In his column, David Brooks cites Russell Kirk’s Ten Principles of Conservative Thought, and reflects on how American conservatism has left Kirkian traditionalist conservatism in the ditch. Excerpt:

The economic conservatives were in charge of the daring ventures that produced economic growth. The traditionalists were in charge of establishing the secure base—a society in which families are intact, self-discipline is the rule, children are secure and government provides a subtle hand.

Ronald Reagan embodied both sides of this fusion, and George W. Bush tried to recreate it with his compassionate conservatism. But that effort was doomed because in the ensuing years, conservatism changed.

In the polarized political conflict with liberalism, shrinking government has become the organizing conservative principle. Economic conservatives have the money and the institutions. They have taken control. Traditional conservatism has gone into eclipse. These days, speakers at Republican gatherings almost always use the language of market conservatism—getting government off our backs, enhancing economic freedom. Even Mitt Romney, who subscribes to a faith that knows a lot about social capital, relies exclusively on the language of market conservatism.

It’s not so much that today’s Republican politicians reject traditional, one-nation conservatism. They don’t even know it exists.

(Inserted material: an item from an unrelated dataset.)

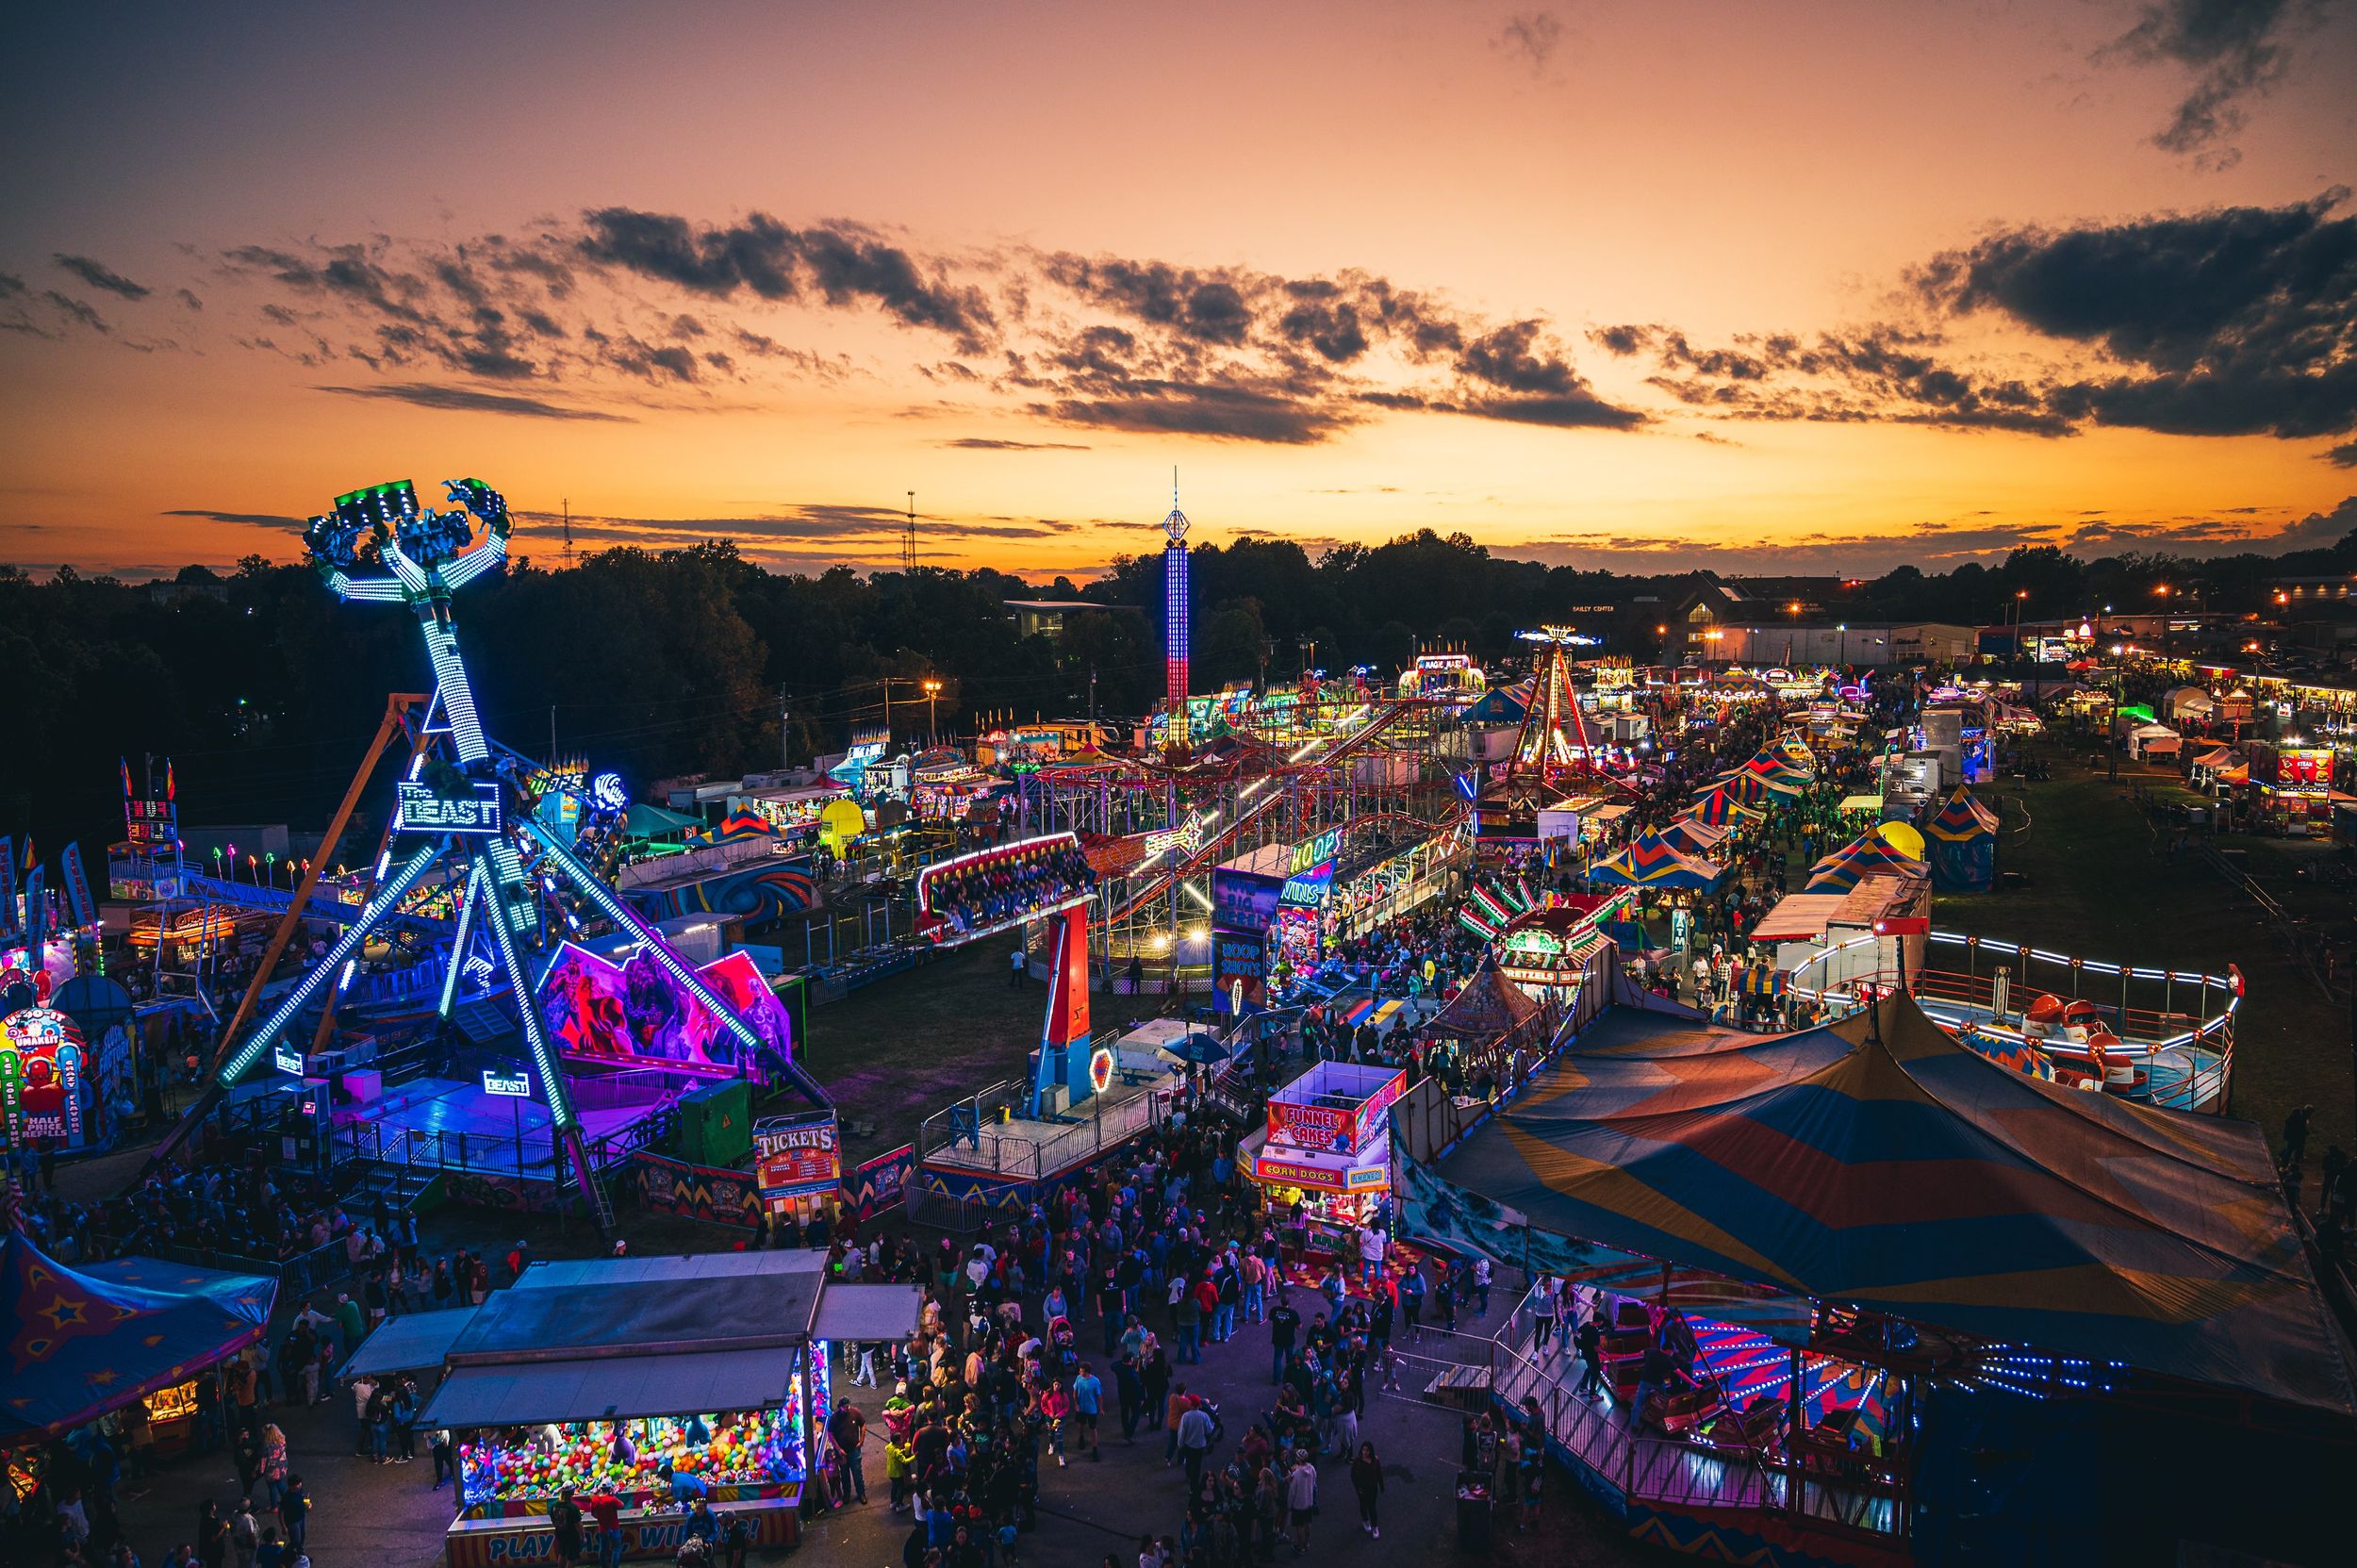 Brightly lit, colorful county festival

Read the whole thing. Obviously, I agree with it completely, especially Brooks’s observation that “the Republican Party has abandoned half of its intellectual ammunition.”

On that point: I posted the Kirk piece the other day in response to a friend’s request that I explain what I think a healthy conservatism would look like. If you find yourself frustrated with the intellectually moribund state of the GOP and movement conservatism, I urge you to buy a copy of the historian George H. Nash’s The Conservative Intellectual Movement In America Since 1945. It’s a highly readable, deeply knowledgeable account of American conservatism over the last few decades. It may shock readers who think conservatism began in 1980 to learn how deep and varied the various schools of conservative thought was—especially Kirk, Viereck, and the Traditionalists. They have all been eclipsed, as Brooks says.

I blame my tribe on the Religious Right for some of this. We allowed the greater part of what we had to offer to the broader conservative movement to consist of making demands about abortion and homosexuality. These were, and are, very important issues, but the idea that Christianity has little to say to contemporary conservatism, and to American politics, beyond strong opinions on these two issues—well, the impoverishment of that vision is radical. That, plus the incorrect assumption that free-market capitalism is always and everywhere agreeable to Christianity and social conservatism has contributed greatly to the rout of traditionalists.

The fusionists — that is, the people who forged the coalition between economic conservatives (many of whom tended to be libertarians) and traditionalists — understood that American conservatism stood for ordered liberty. Not simply order, and not simply liberty. Freedom and virtue were meaningless without each other. Virtue, in a political sense, had to mean something more than the sum total of free individuals behaving well. Virtue had to come from strong families and communities. Robert Nisbet saw all this in the 1950s, and wrote about it in The Quest For Community (Ed., see essays by/about Robert Nisbet here).

Ever read that book? Ever read Kirk’s The Conservative Mind? Weaver’s Ideas Have Consequences? These are treasure troves of traditionalist conservative thought and insight—all of it now so alien to what conservatism has become that to read them is like meeting a long-lost ancestor, a rich uncle who offers you an inheritance you didn’t know you had.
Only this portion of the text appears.